We have had deer walk in front of our 200M target backers in middle of a highpower rifle match with 10-15 centerfire shooters banging away. At 20X you don't see them until your entire scope field turns brown.

Last month I was shooting 2 ft over the heads of 6 turkeys who were grazing on the range in same scenario.


----------



## MSUFW07 (Jan 22, 2009)

Is that at Rose Lake shooting range? Just over the berms in that area are lots of thick nasty cover and a swamp, I used to hunt the area just down the road, great for deer, just not for people.


----------



## zimmzala (Oct 20, 2007)

MSUFW07 said:


> Is that at Rose Lake shooting range? Just over the berms in that area are lots of thick nasty cover and a swamp, I used to hunt the area just down the road, great for deer, just not for people.


Yes it is, and you're right it does get nasty back in there.


----------



## Mark4486 (Oct 14, 2015)




----------



## Mark4486 (Oct 14, 2015)

1st stand at Detroit sportsmens congress sporting clay.
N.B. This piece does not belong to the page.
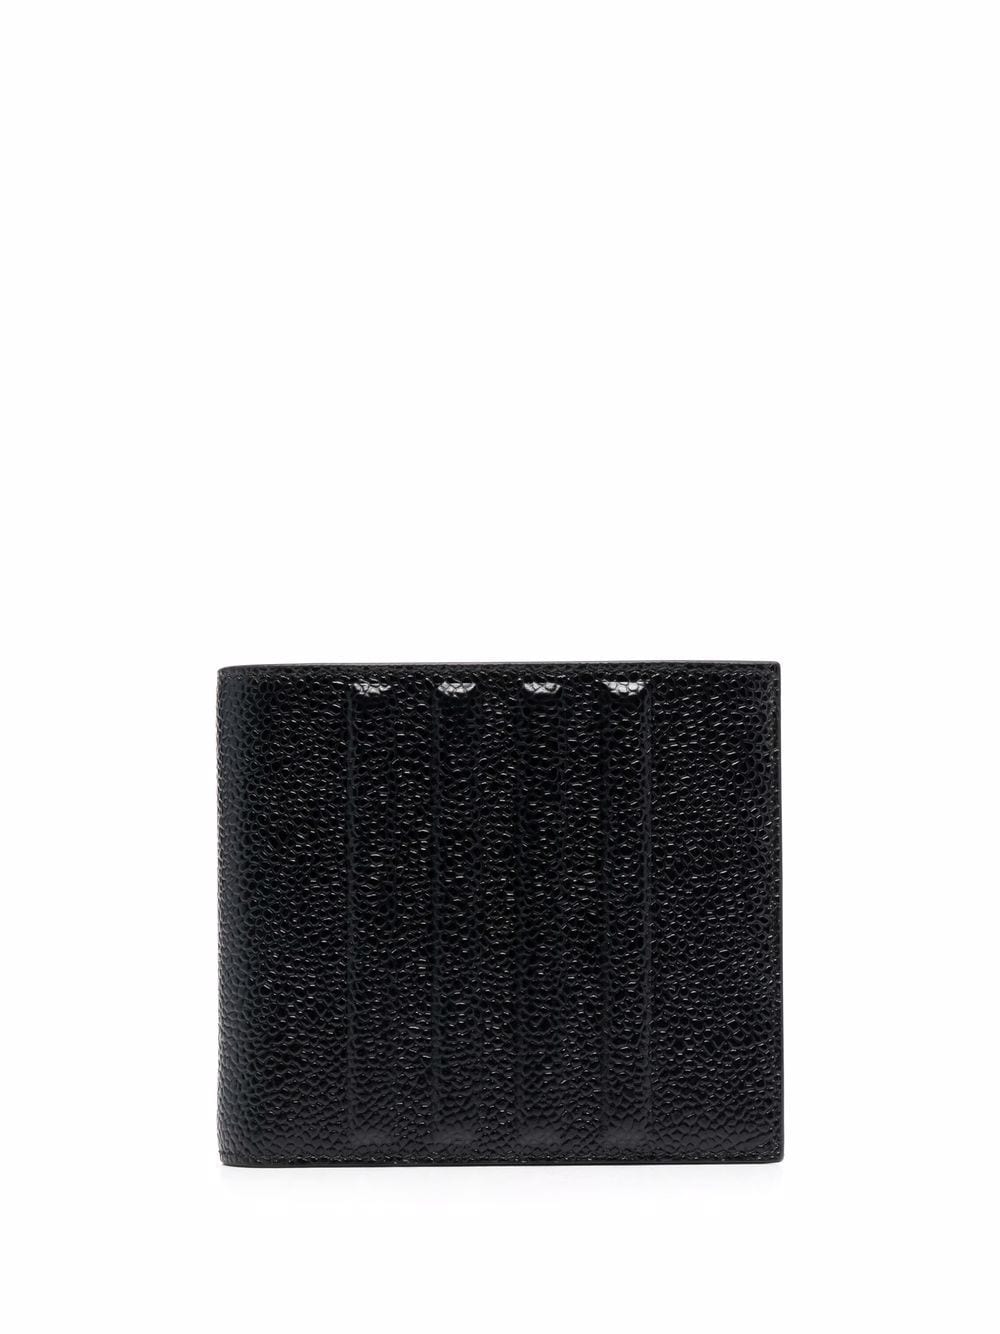 Thom Browne billfold leather wallet - Black von Thom Browne

About a month ago. Happens all the time.


----------



## zimmzala (Oct 20, 2007)

It seems to me that turkey sightings are becoming as common as squirrel sightings.


----------



## FISHMANMARK (Jun 11, 2007)

Mark4486 said:


> 1st stand at Detroit sportsmens congress sporting clay. About a month ago. Happens all the time.


Only been there once, but the turkeys were there. They were throwing a rabbit there too!


----------



## ENCORE (Sep 19, 2005)




----------



## Mark4486 (Oct 14, 2015)

Saw some deer at the top of the hill while shooting skeet at Detroit sportsmens congress. As it got darker more came out.


----------



## Thirty pointer (Jan 1, 2015)

I saw the trapezoid cloud first .


----------



## Mark4486 (Oct 14, 2015)

The picture was taken from inside the club house but good call.


----------



## zimmzala (Oct 20, 2007)

Mark4486 said:


> View attachment 238375
> Saw some deer at the top of the hill while shooting skeet at Detroit sportsmens congress. As it got darker more came out.


They know they can't hit hard with 7 1/2's


----------